Given data |

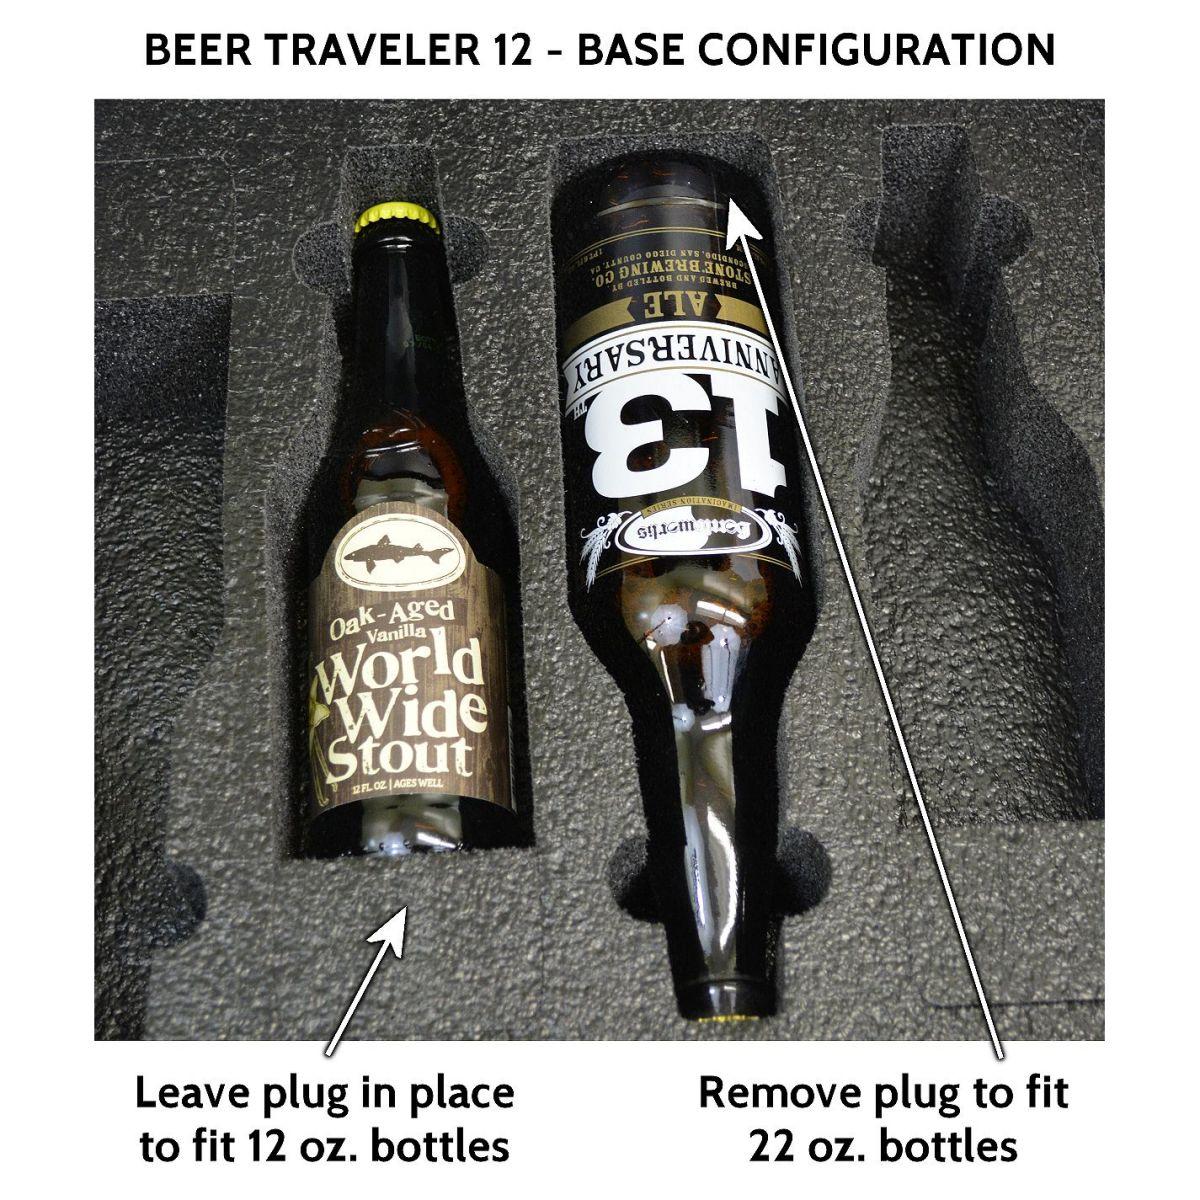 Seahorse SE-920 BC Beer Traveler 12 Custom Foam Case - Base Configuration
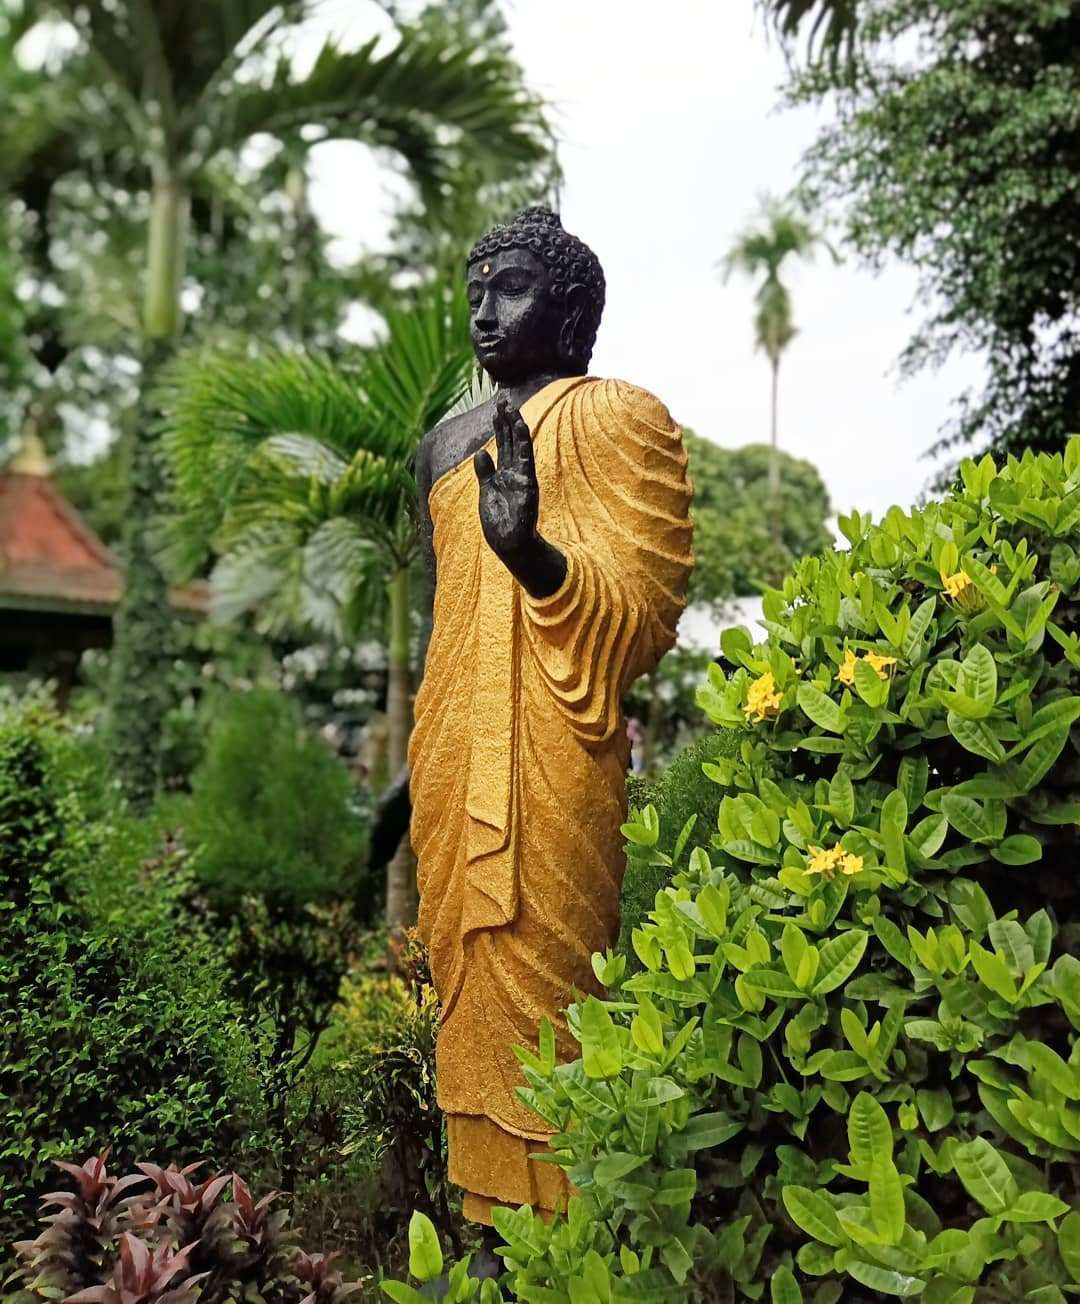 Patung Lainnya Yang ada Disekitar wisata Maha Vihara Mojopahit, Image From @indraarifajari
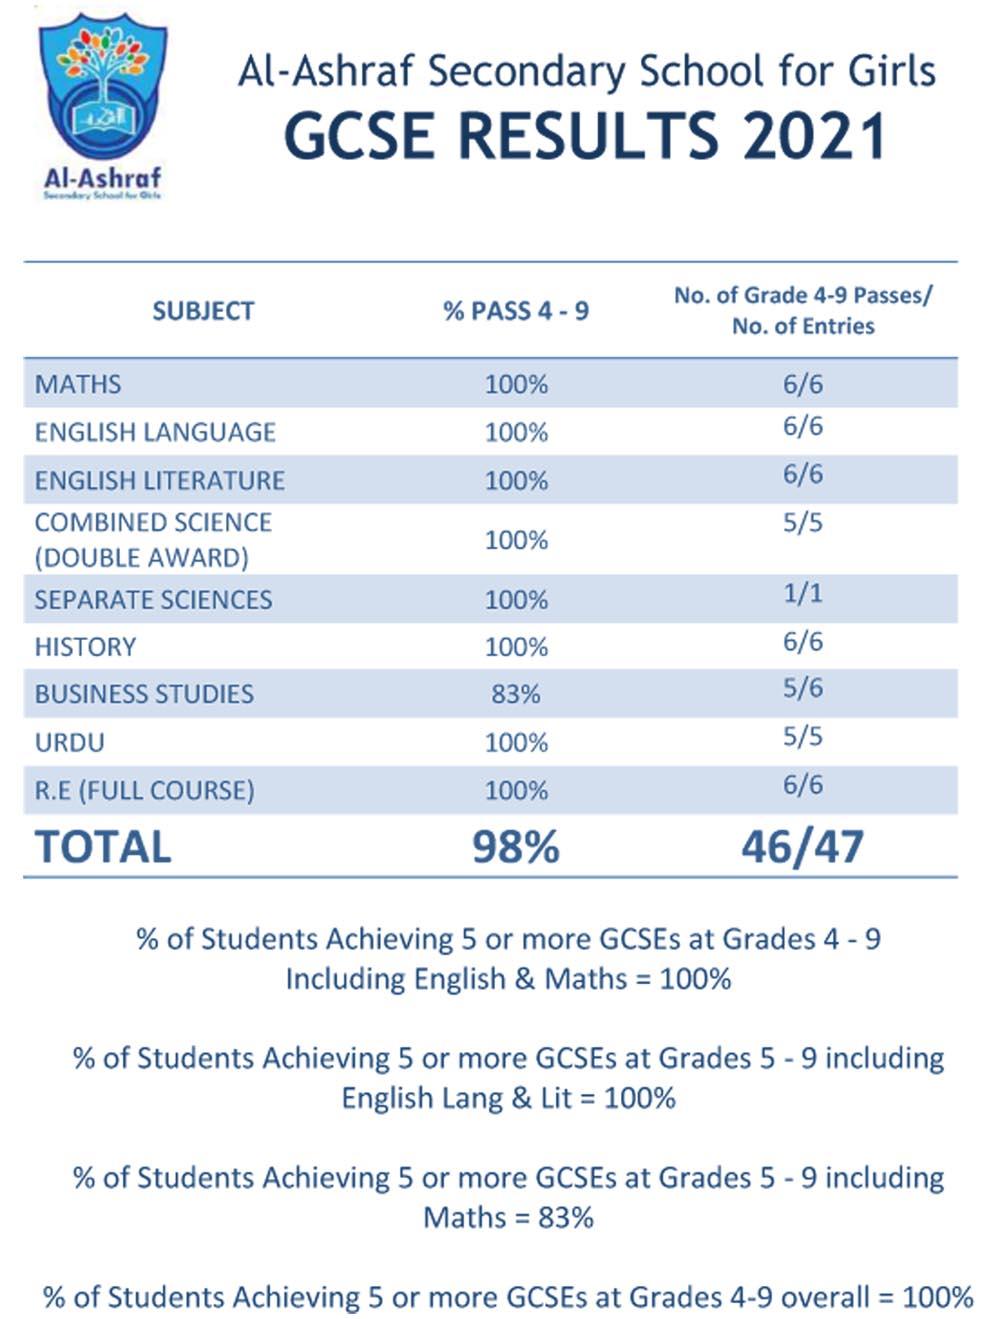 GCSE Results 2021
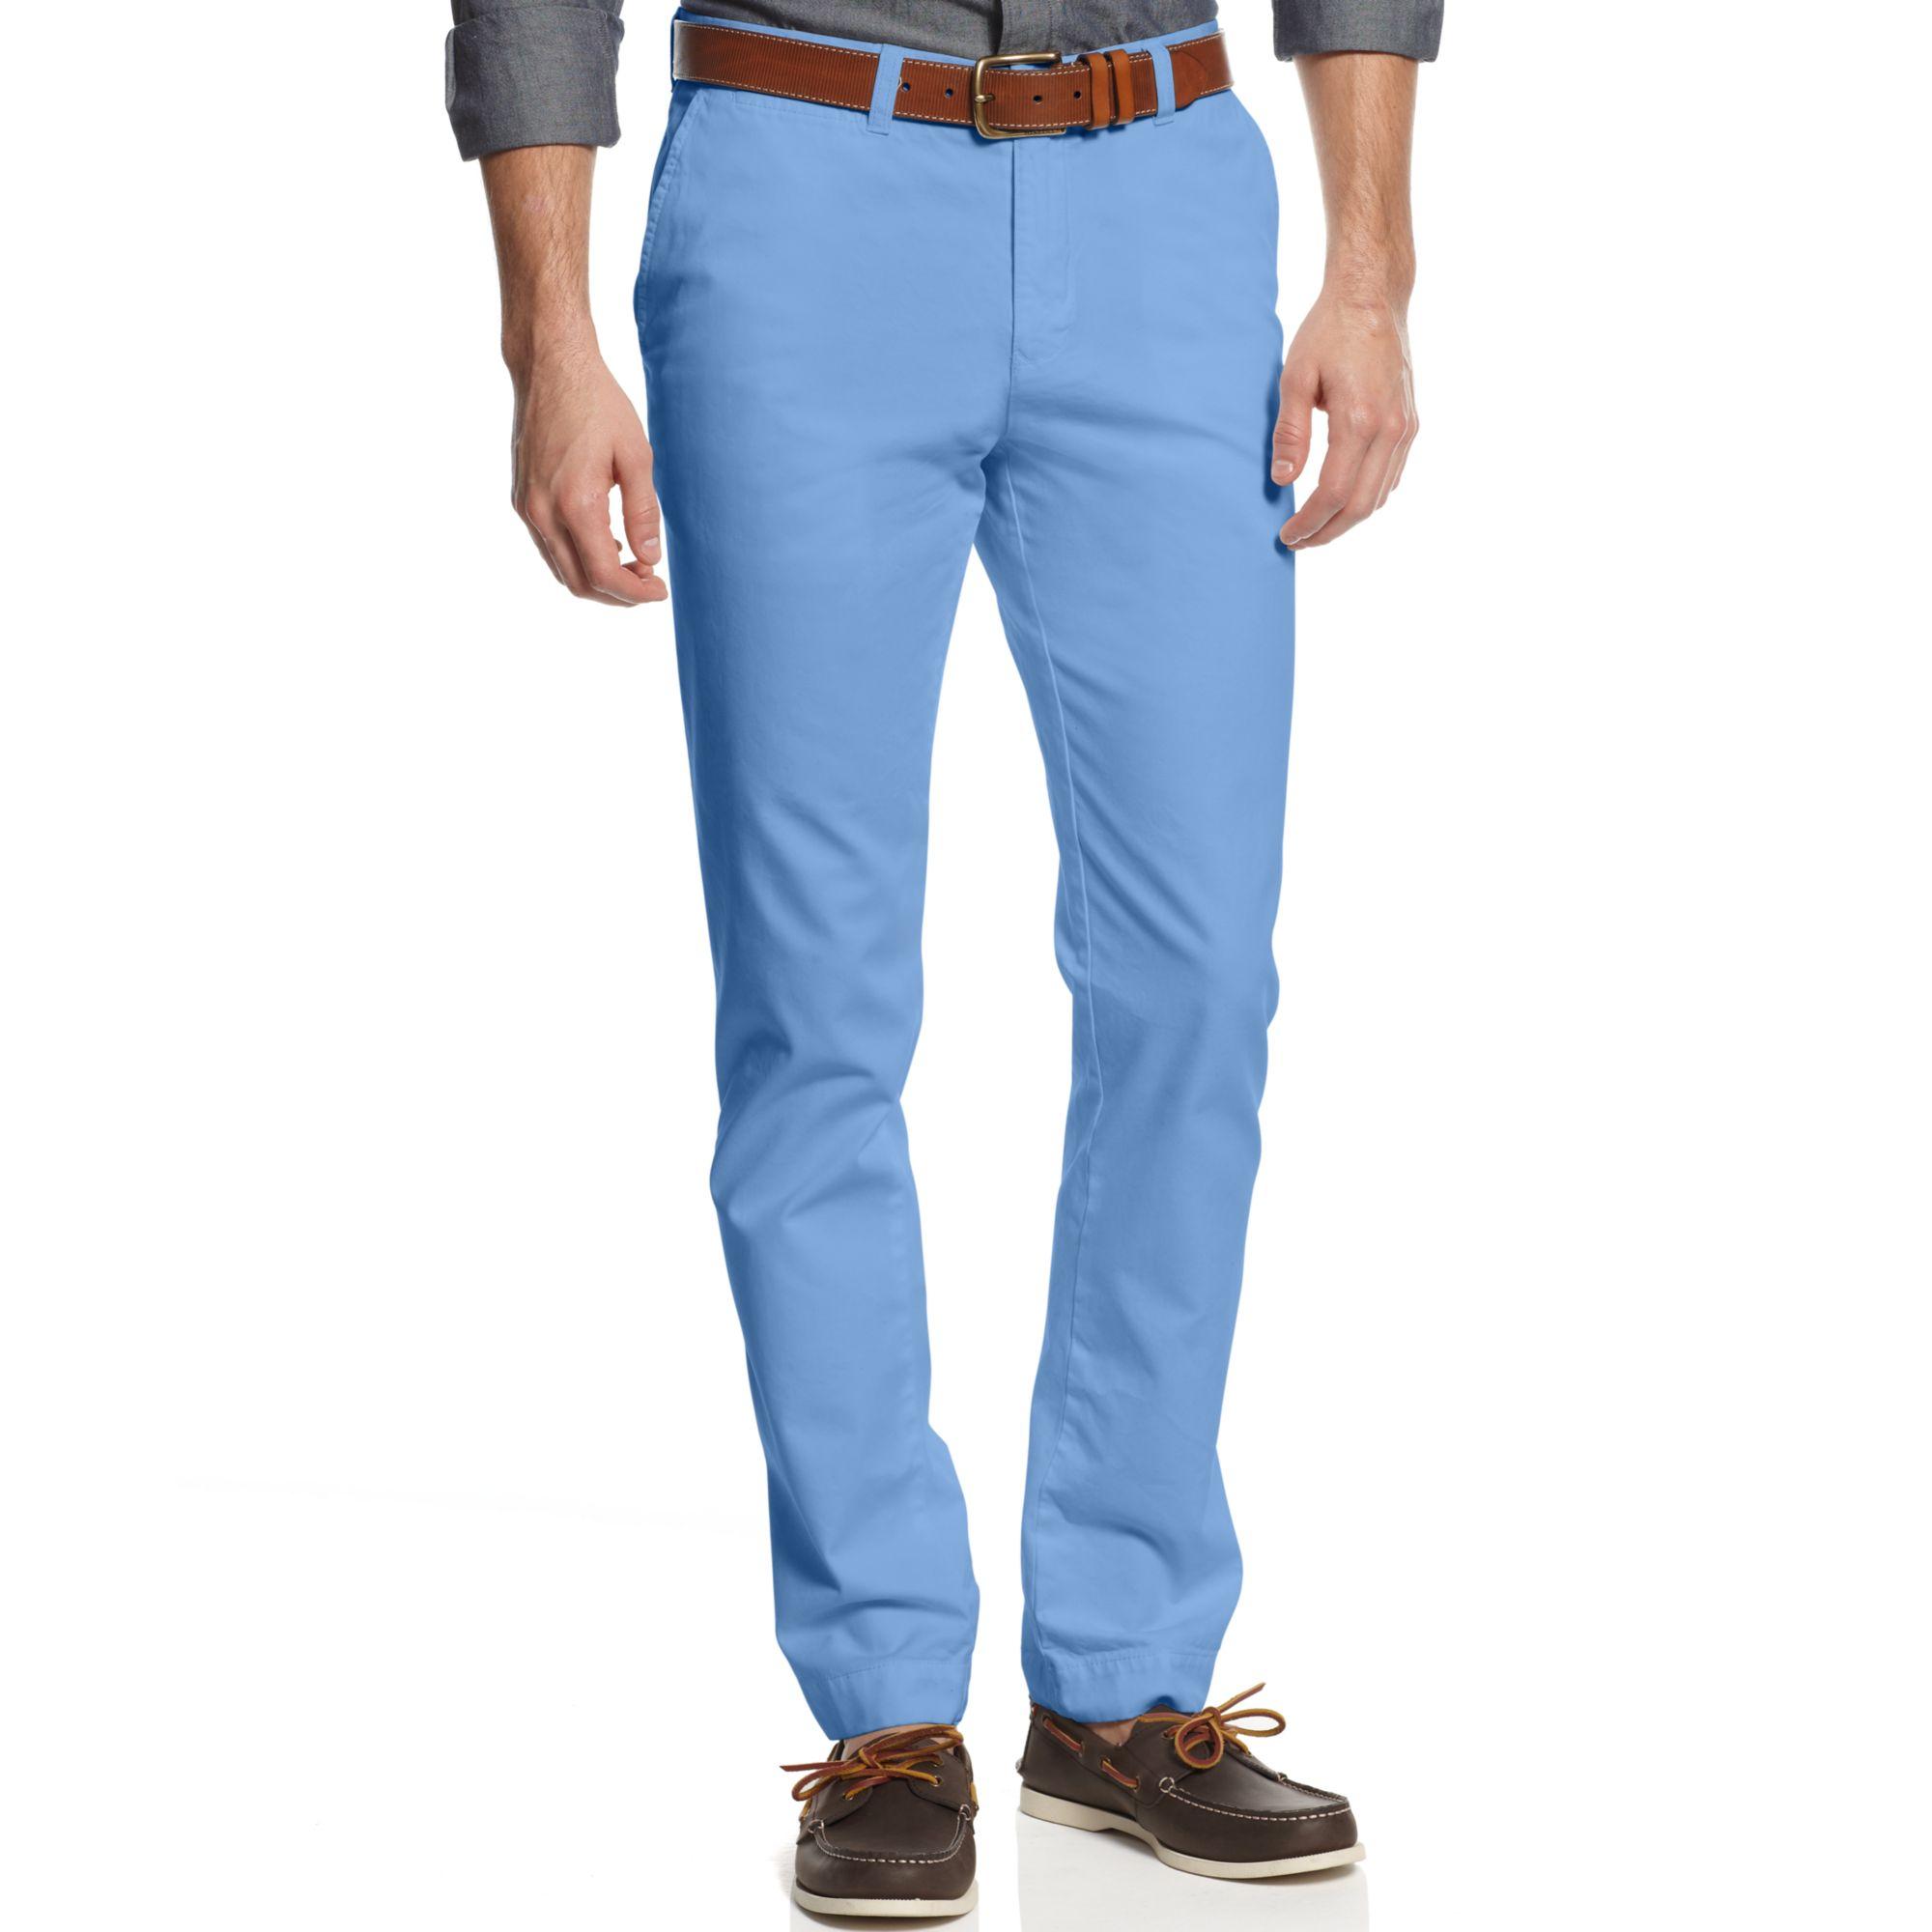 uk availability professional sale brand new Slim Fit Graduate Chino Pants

Work instruction |
For this copy, leave pictures out and reproduce the lines from the one bearing "GCSE Results 2021" through the final line of the listing above, both ends included.

Result of this task |
 GCSE Results 2021
 uk availability professional sale brand new Slim Fit Graduate Chino Pants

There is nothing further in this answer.